Information supplied:
------------------------------------------------------------

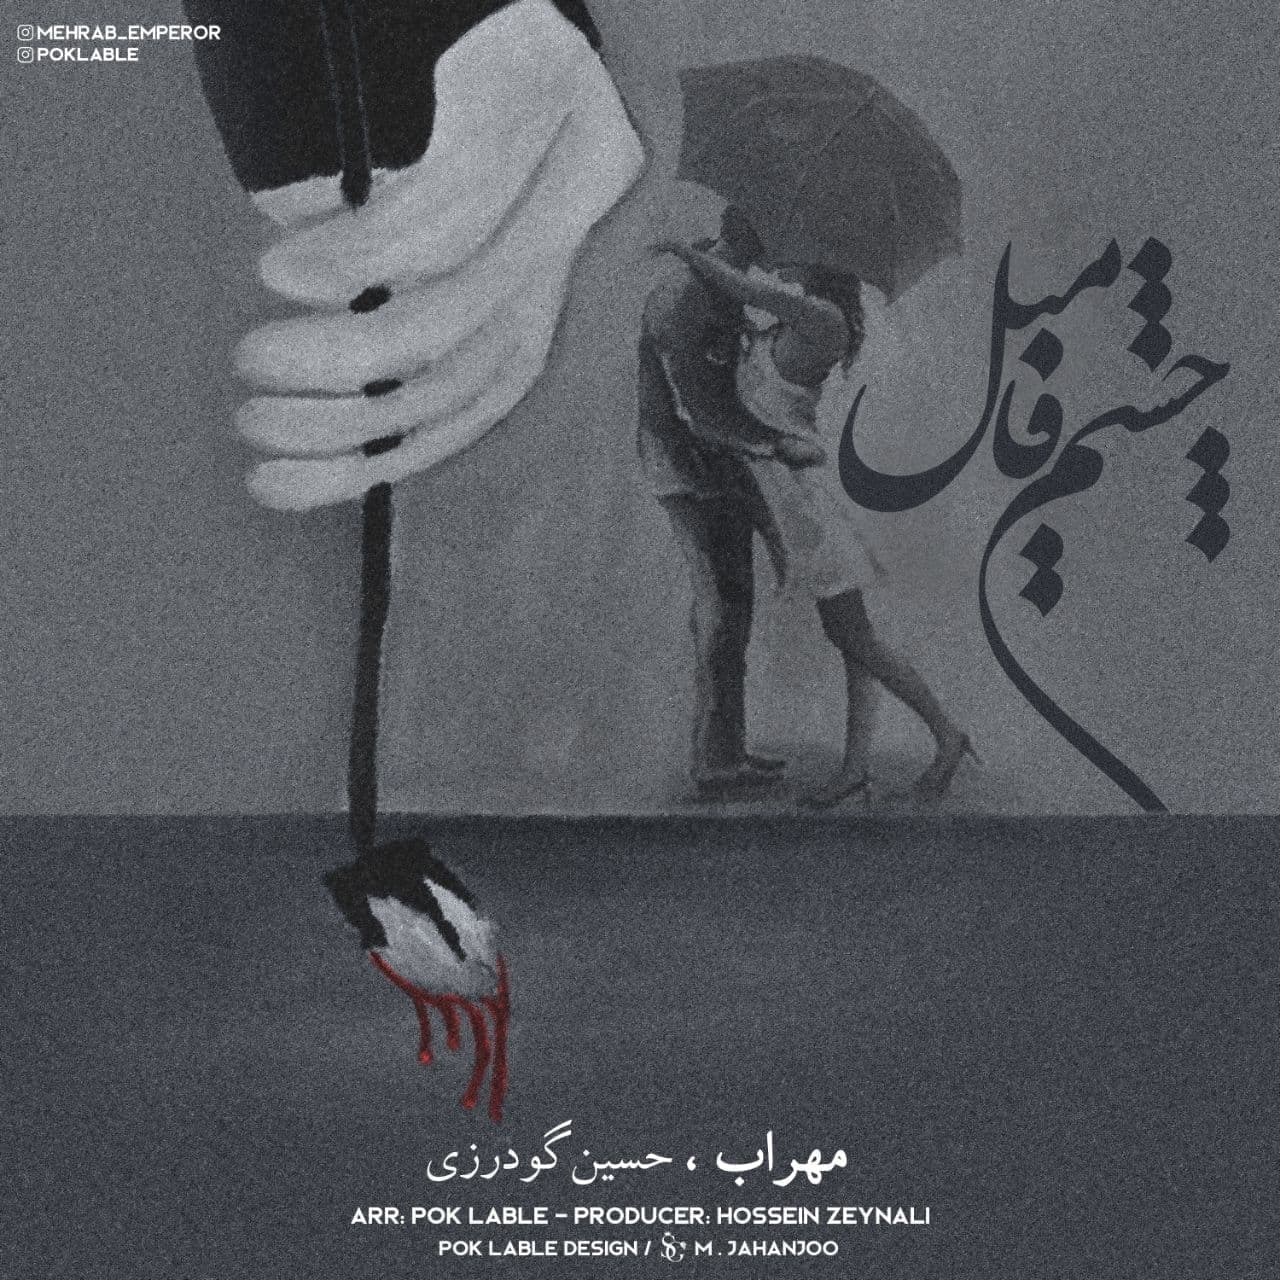  دانلود آهنگ جدید مهراب و حسین گودرزی - چشم فامیل | Download New Music By Mehrab - Cheshm,e Famil (feat. Hossein Gudarzi)
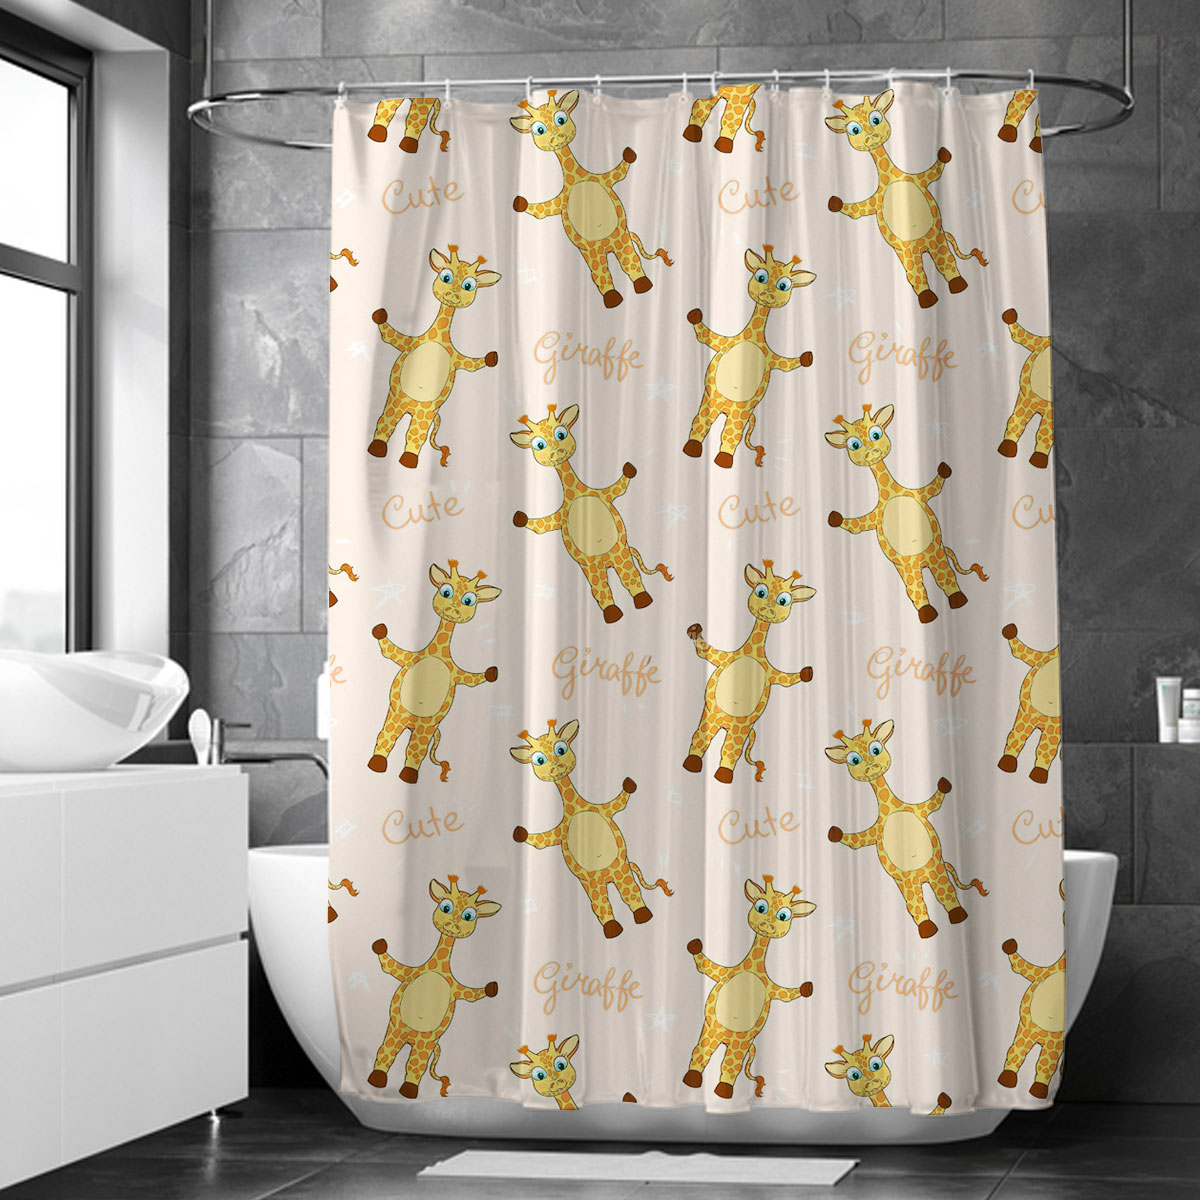 Cute Giraffe Shower Curtain 6
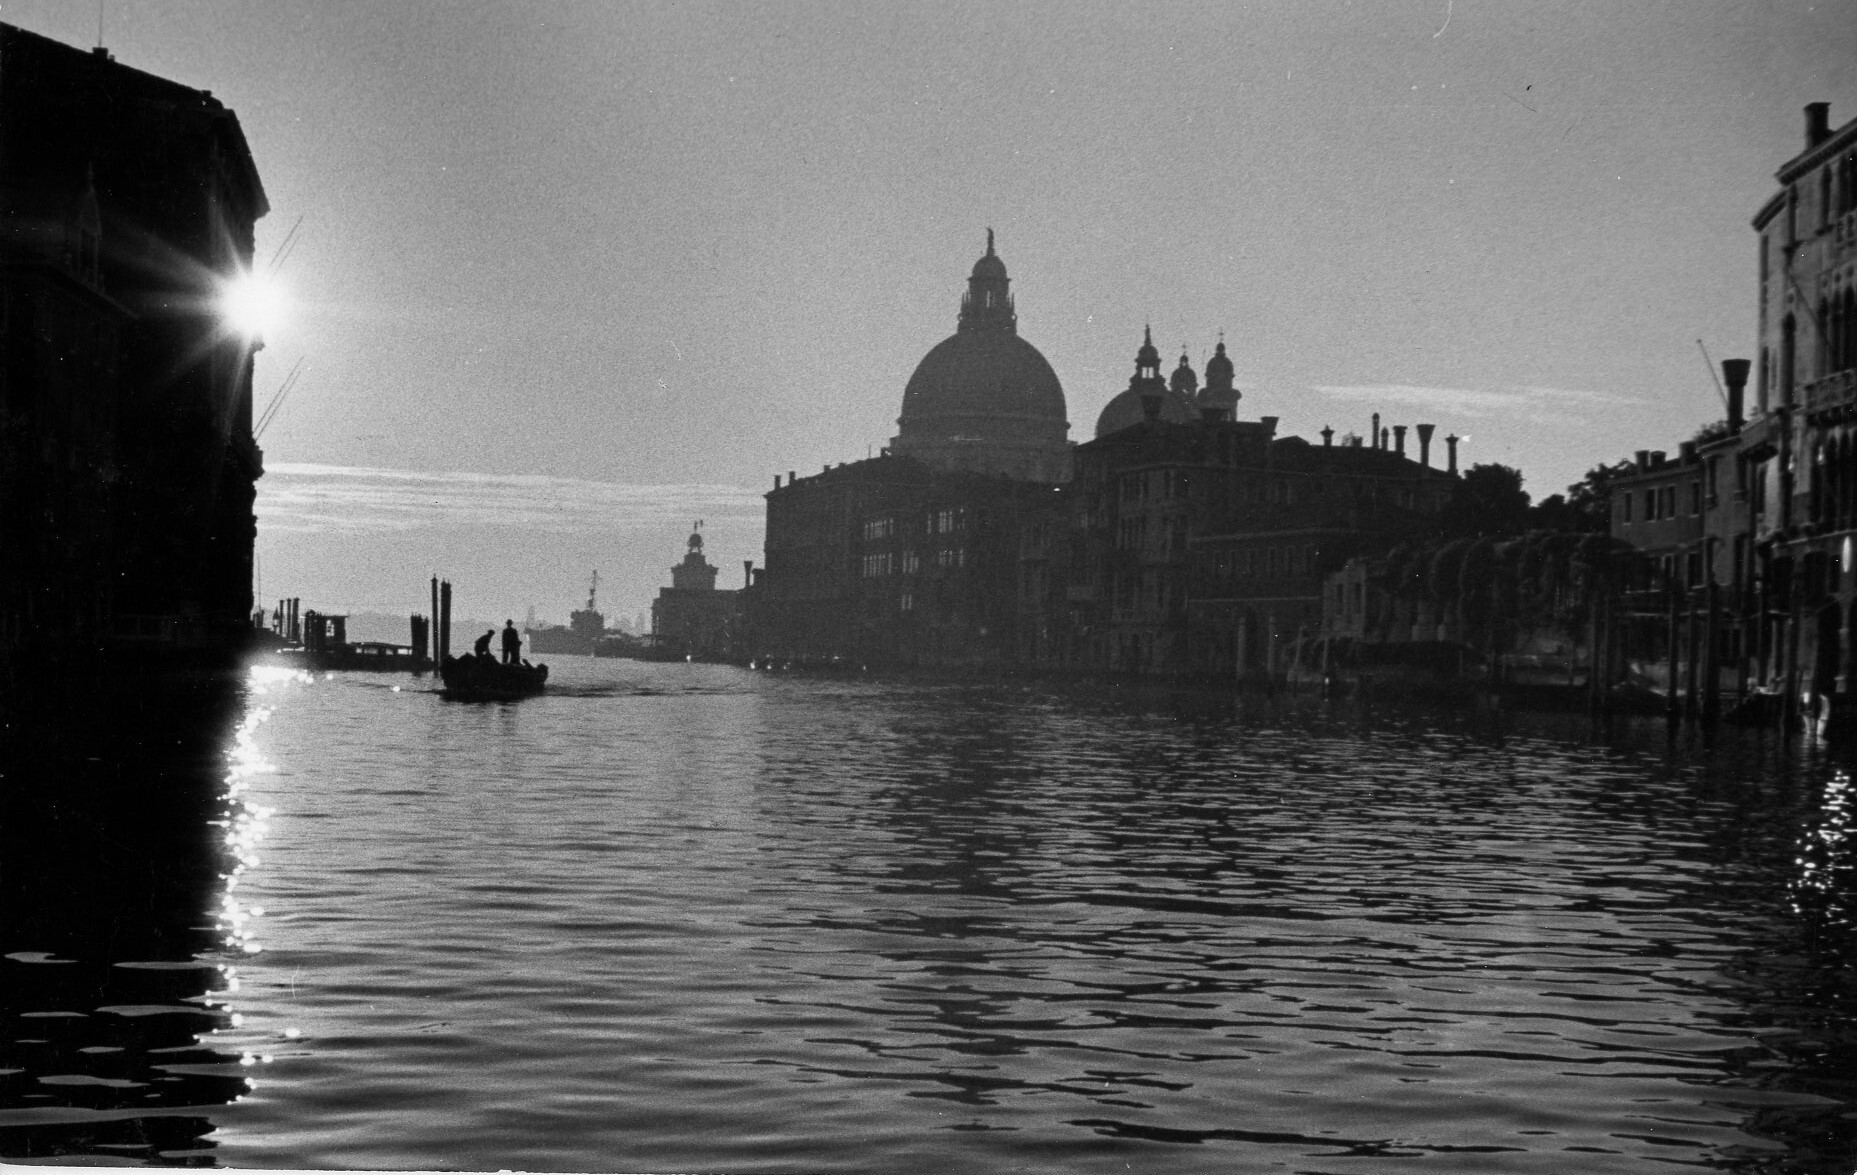 Гранд-канал, 7 утра, Венеция, Италия, 1951 год. Фотограф Рут Оркин

------------------------------------------------------------

What to produce: Everything in the listing above except the pictures should be duplicated exactly.

Problem solution:
  دانلود آهنگ جدید مهراب و حسین گودرزی - چشم فامیل | Download New Music By Mehrab - Cheshm,e Famil (feat. Hossein Gudarzi)
 Cute Giraffe Shower Curtain 6
 Гранд-канал, 7 утра, Венеция, Италия, 1951 год. Фотограф Рут Оркин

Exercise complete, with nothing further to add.